4-NP has been found ubiquitous (Ekelund et al. 1993) and its accumulation in plants and animals has been demonstrated to influence sexual and reproductive development (Ahel et al. 1993; Ekelund et al. 1990; Nagao et al. 2000). 4-NP also migrates from polyvinyl chloride food packing films into foods (Inoue et al. 2001). The average daily intake of 4-NP is different among countries with markedly higher intake in Taiwan compared with that in Germany and New Zealand (Lu et al. 2007). Increasing evidences have shown that 4-NP exposure elevates oxidative stress in various tissues such as testes, liver, kidney, brain, and neutrophils (Gong and Han 2006; Obata and Kubota 2000; Okai et al. 2004). However, whether vascular system is susceptible to 4-NP exposure has not been elucidated.
Increased production of reactive oxygen species (ROS), such as hydroxyl radicals, peroxynitrite, superoxide anion and hydrogen peroxide, contributes to an elevated oxidative stress which is a well-documented risk factor in the development of cardiovascular diseases (Faraci 2006). Nicotinamide adenine dinucleotide phosphate (NADPH)-related oxidase (Li and Shah 2003) and xanthine oxidase (Cai 2005) are intracellular oxidant enzymes responsible for ROS generation, and their activities can be represented indirectly by the ROS production in the presence of NADPH or xanthine using lucigenin-based chemiluminescence assay (Berry et al. 2000; Yu et al. 2006). Although other studies have demonstrated that 4-NP increased oxidative stress, whether 4-NP exposure affects vascular NADPH-related oxidase or xanthine oxidase activity remains unclear.

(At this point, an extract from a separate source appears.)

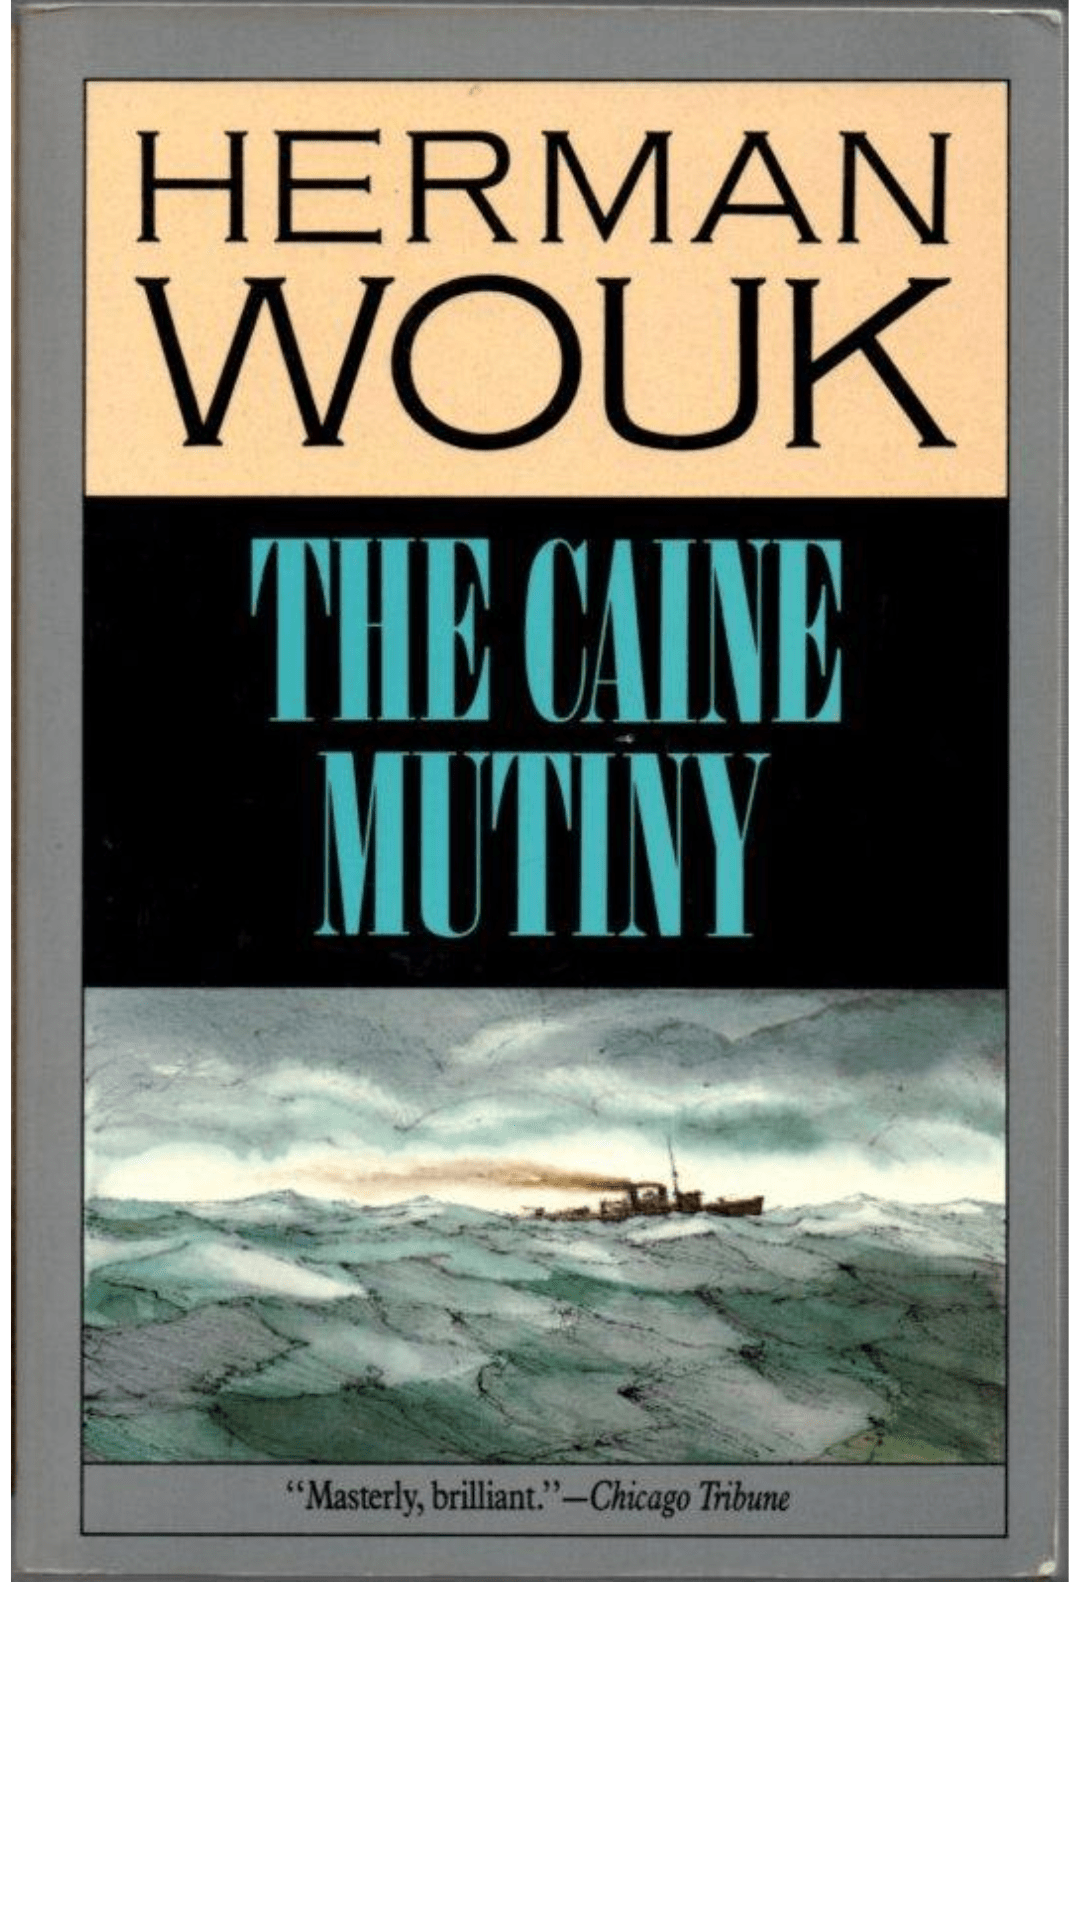 The Caine Mutiny by Herman Wouk
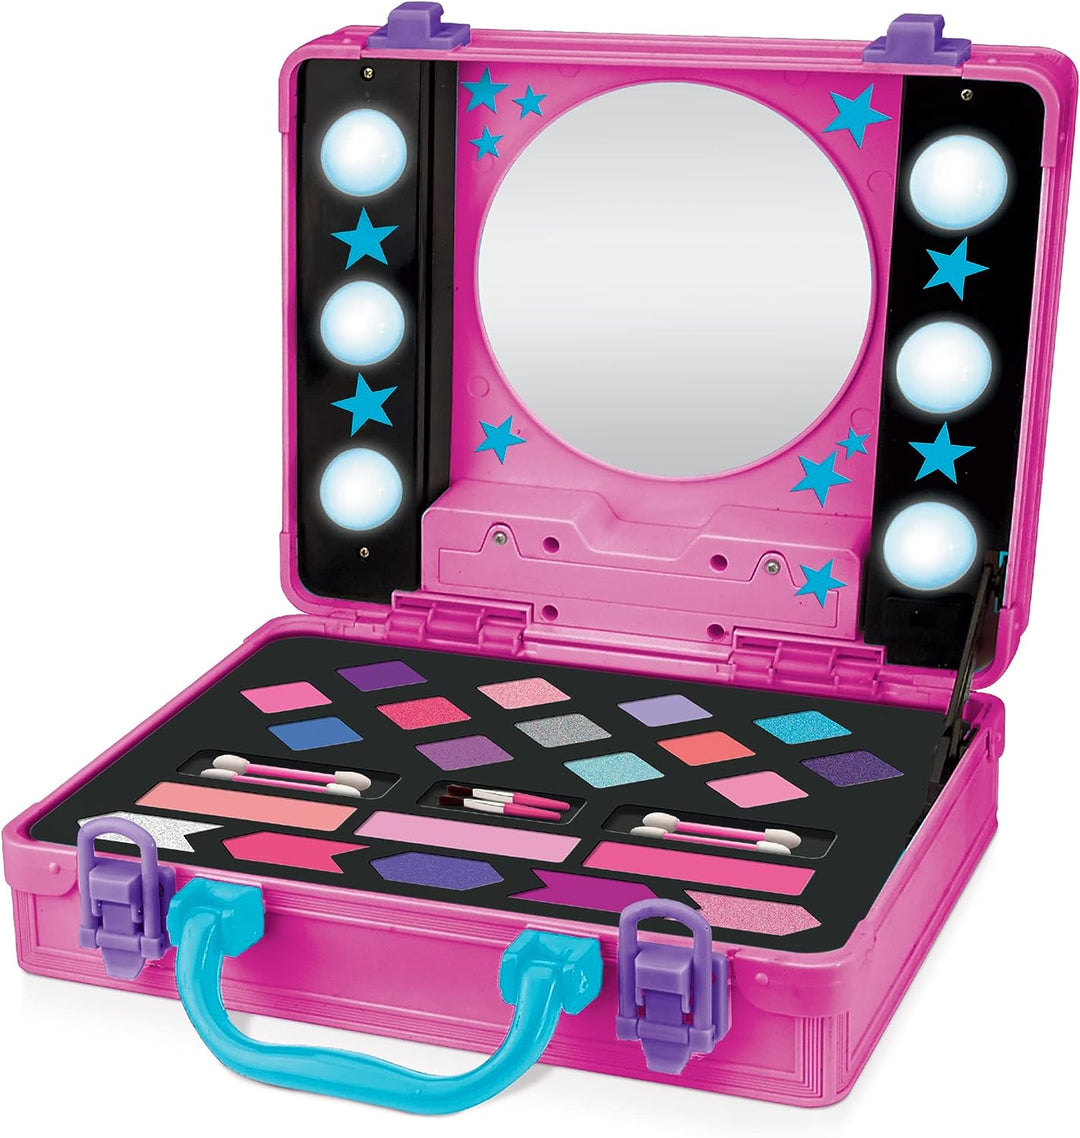 Shimmer and Sparkle 17362 Shimmer N Sparkle Light up Beauty Pink case for Children with Hollywood Style Lights Real Washable Make up for Kids

Enhanced vascular contractile responsiveness and decreased vascular endothelium-dependent relaxation both contribute to vascular dysfunction (Luscher 1994). Increasing evidence has shown that ROS contributes to vasoconstriction induced by phenylephrine (Matsumoto et al. 2006) or by a voltage-gated calcium channel opener (Gordeeva et al. 2003). Moreover, elevated ROS levels could diminish acetylcholine-mediated endothelium-dependent vasorelaxation. Therefore, altering vascular oxidative stress status will affect vascular function.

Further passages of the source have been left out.